## DATASET SECTION
-.-.-
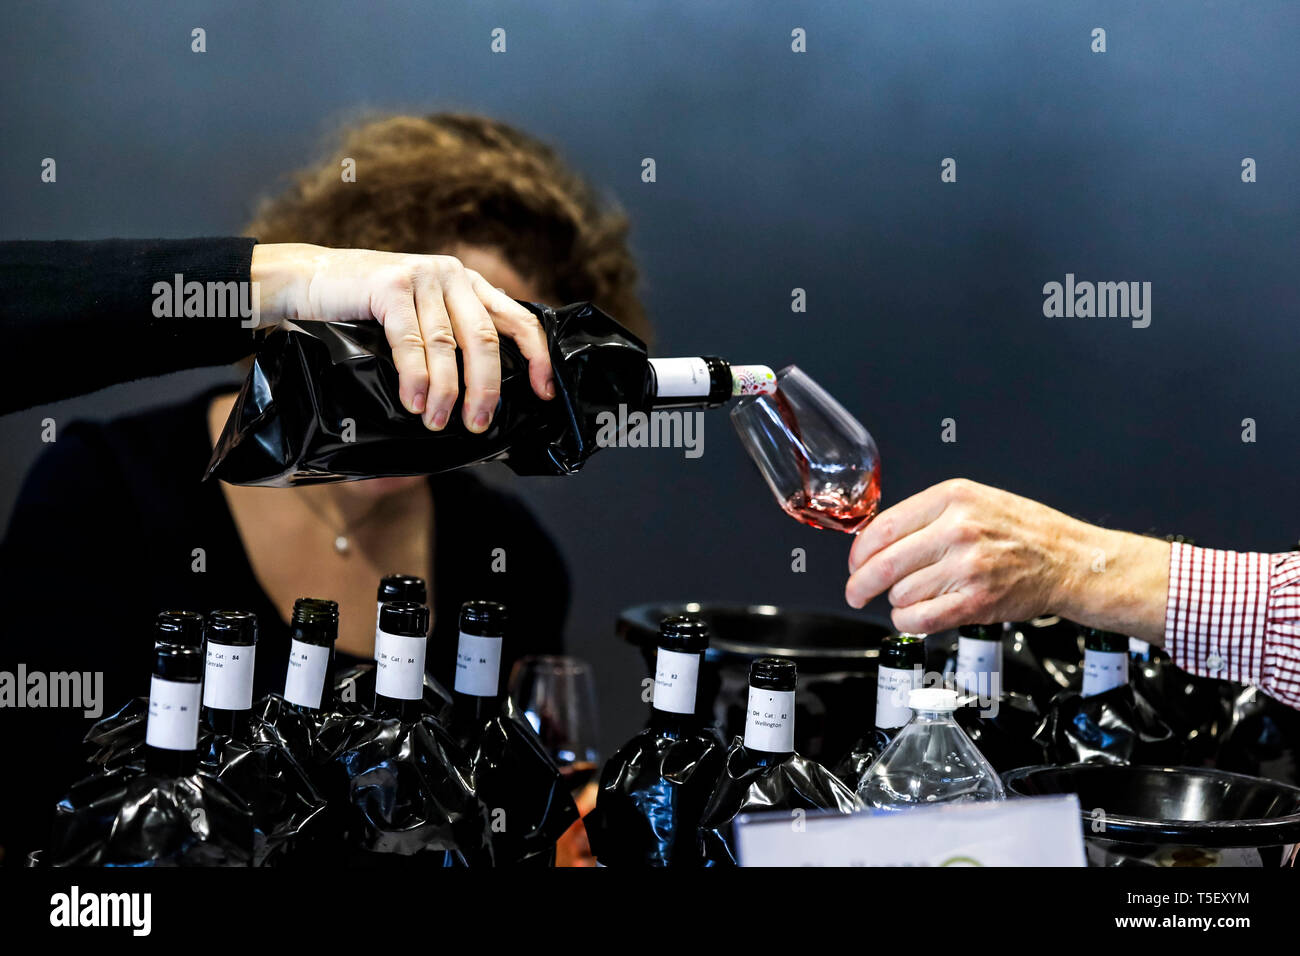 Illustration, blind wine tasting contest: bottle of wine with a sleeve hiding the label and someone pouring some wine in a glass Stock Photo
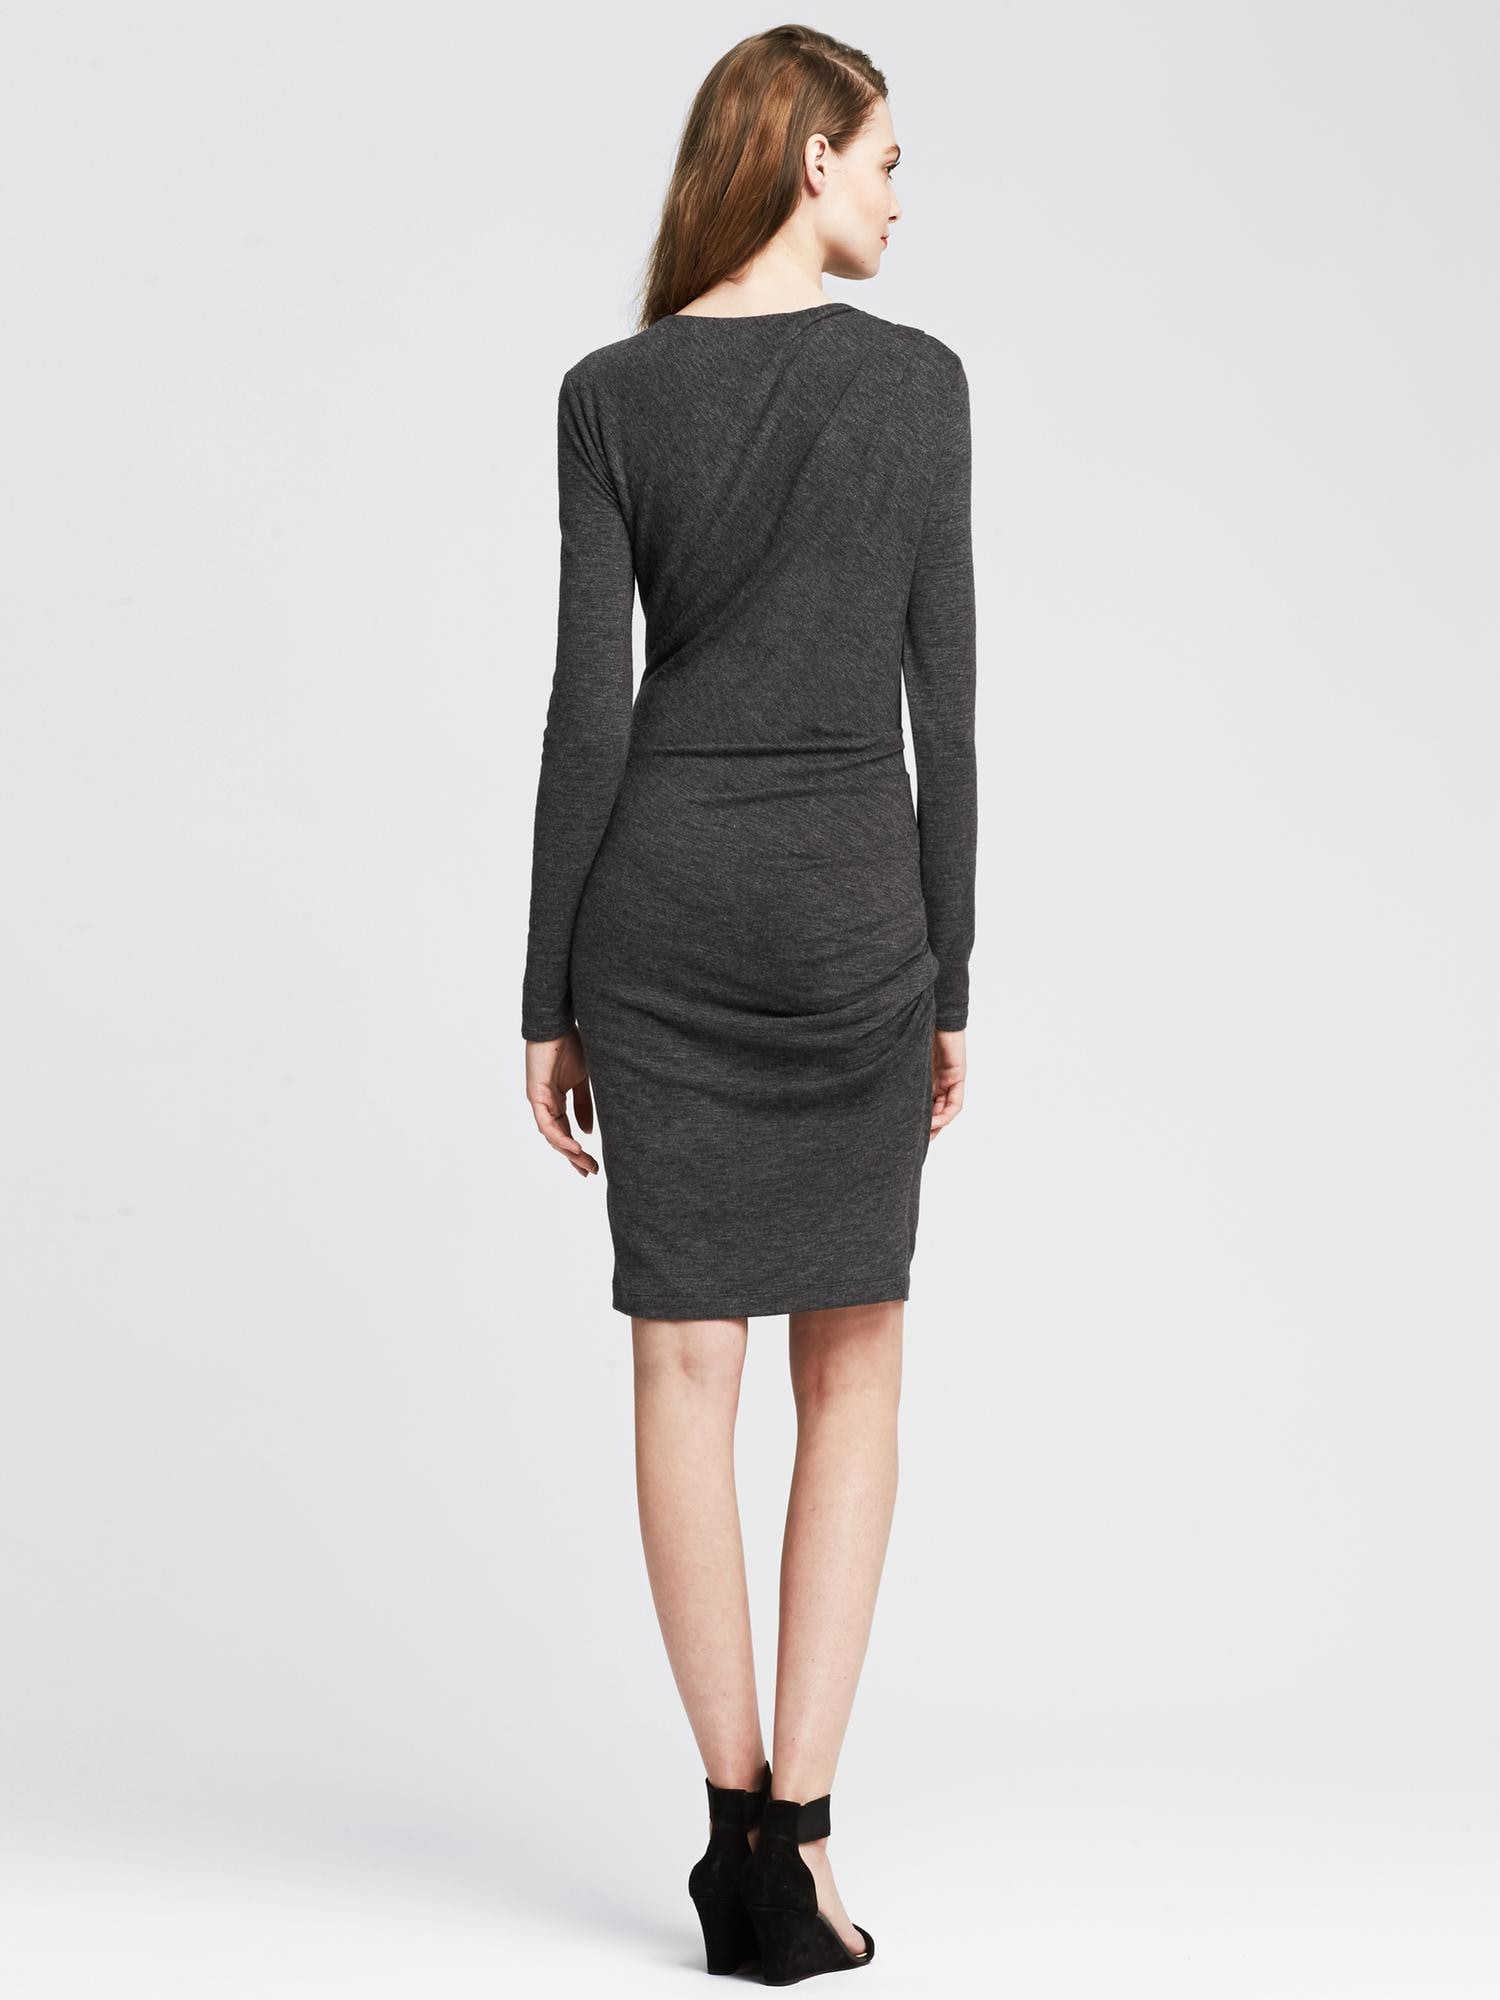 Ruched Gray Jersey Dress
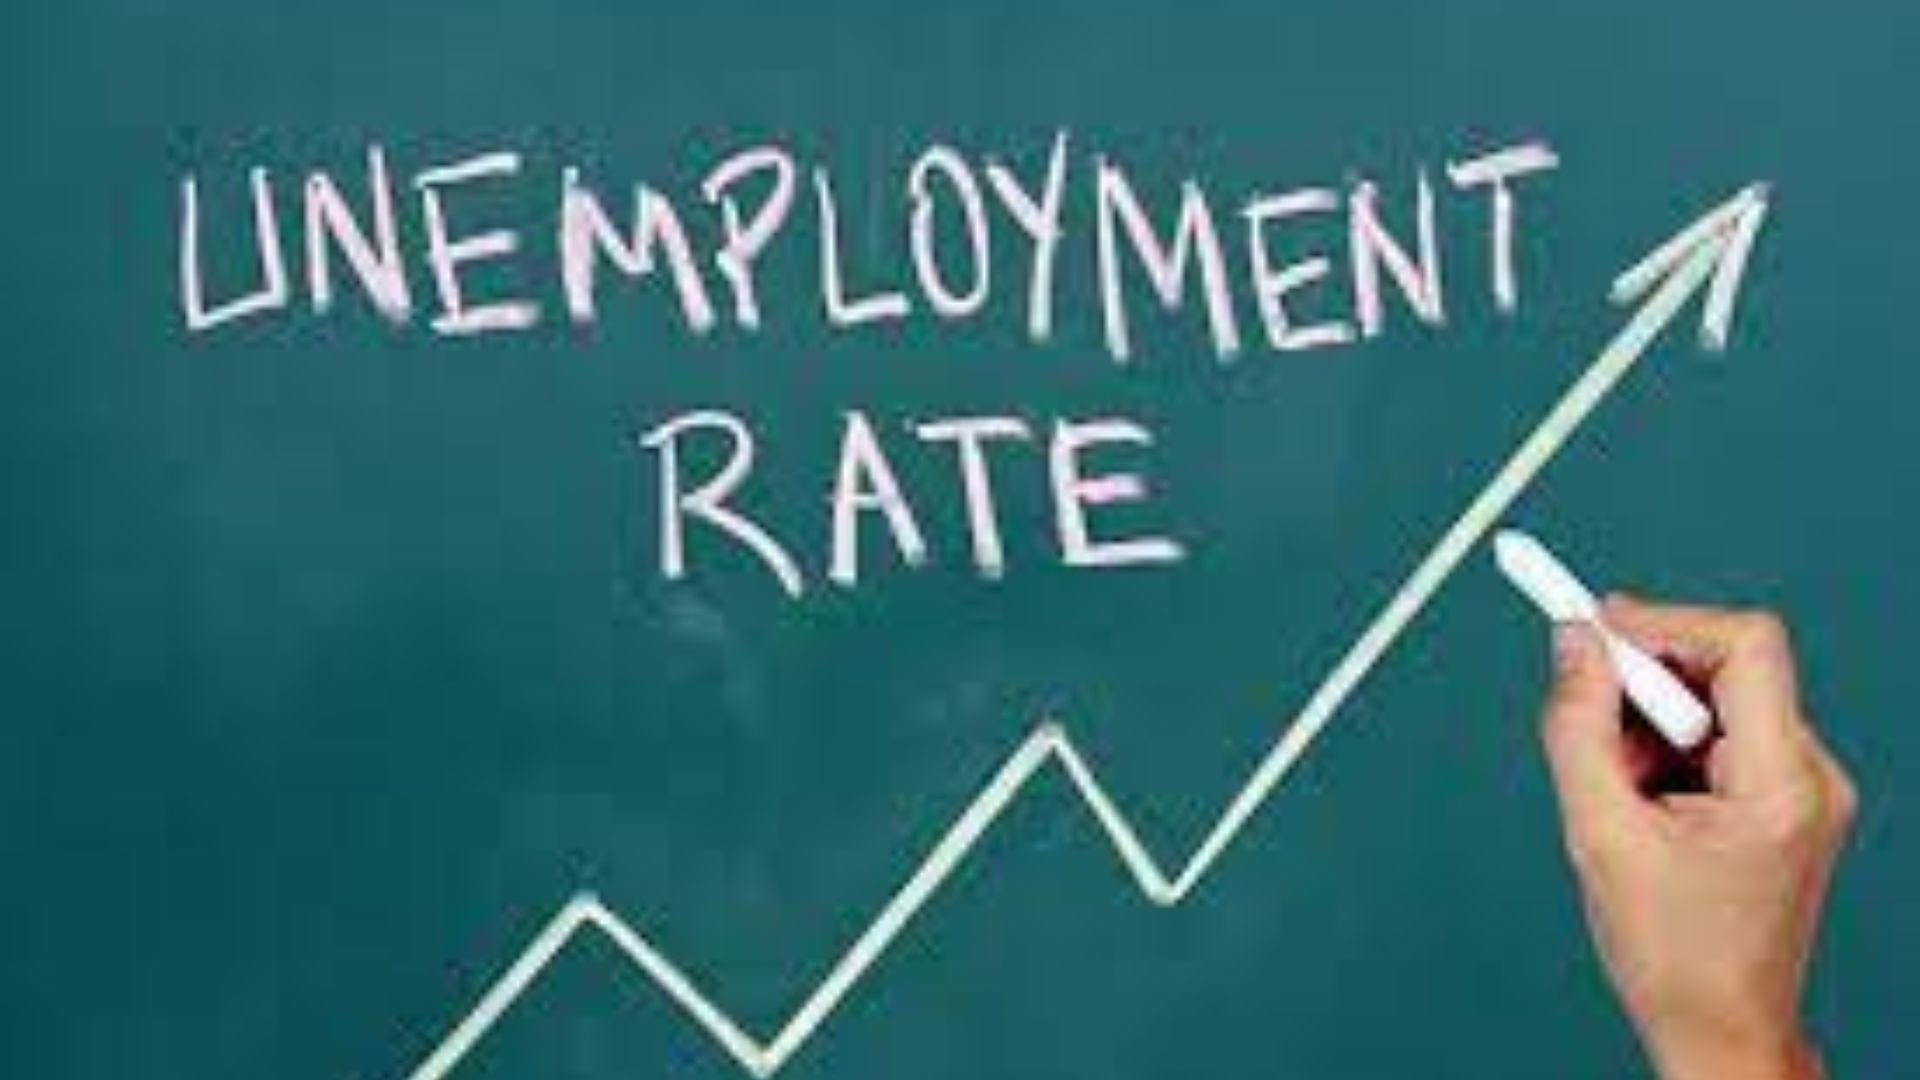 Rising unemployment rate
-.-.-
## TASK BRIEF
Without including any images, output the data exactly as given.

## THE COMPLETED TASK
 Illustration, blind wine tasting contest: bottle of wine with a sleeve hiding the label and someone pouring some wine in a glass Stock Photo
 Ruched Gray Jersey Dress
 Rising unemployment rate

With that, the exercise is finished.